Put simply, a tumor is the result of out-of-control cell growth. To assure that the cell cycle -- the cell's process of duplicating itself to make more cells -- goes smoothly, a large network of proteins tells other proteins what to do and when to do it. When any of these layers of protein regulation fail, cell growth can get out of hand. A new study led by Ze'ev Ronai, Ph.D., associate director of Sanford-Burnham's National Cancer Institute-designated Cancer Center, reveals a new player in cell cycle control.
These findings, which appeared online in Nature Cell Biology on June 27, showed that JNK, a protein already well known for other duties, also regulates the cell cycle.

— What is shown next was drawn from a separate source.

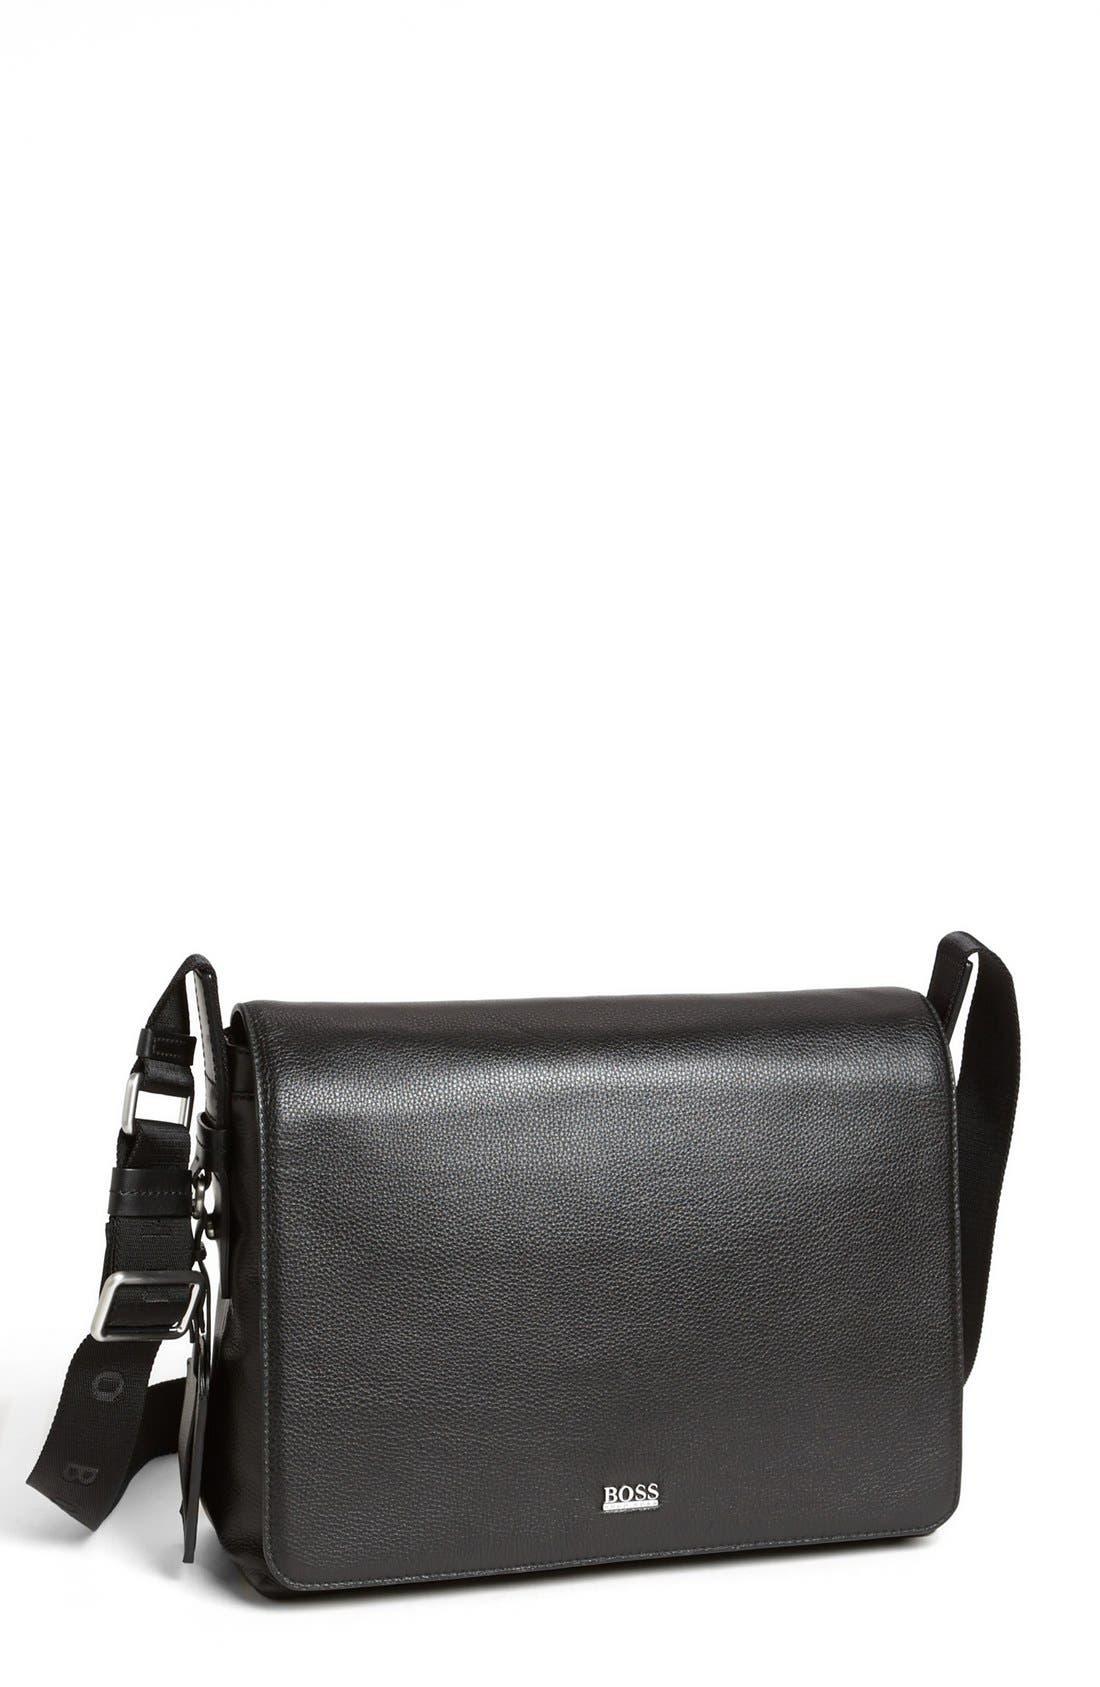 HUGO BOSS 'Barter' Leather Messenger Bag,                             Main thumbnail 1, color,                             001

"This was totally unexpected of JNK," explained Gustavo Gutierrez, Ph.D., postdoctoral researcher in Dr. Ronai's laboratory and first author of the study. "We already knew that JNK helps cells respond to stress, such as damage caused by ultraviolet radiation. We thought we already knew how the major components of the cell cycle were regulated. This study really changes the thinking by connecting the two."
On the molecular level, JNK influences cellular functions by tagging other proteins with a phosphate chemical group (a process known as phosphorylation), a common mechanism cells use to turn enzymes on and off. Phosphorylation is so important that when JNK goes awry, a number of different disorders can result, such as cancer, diabetes or neurodegenerative diseases.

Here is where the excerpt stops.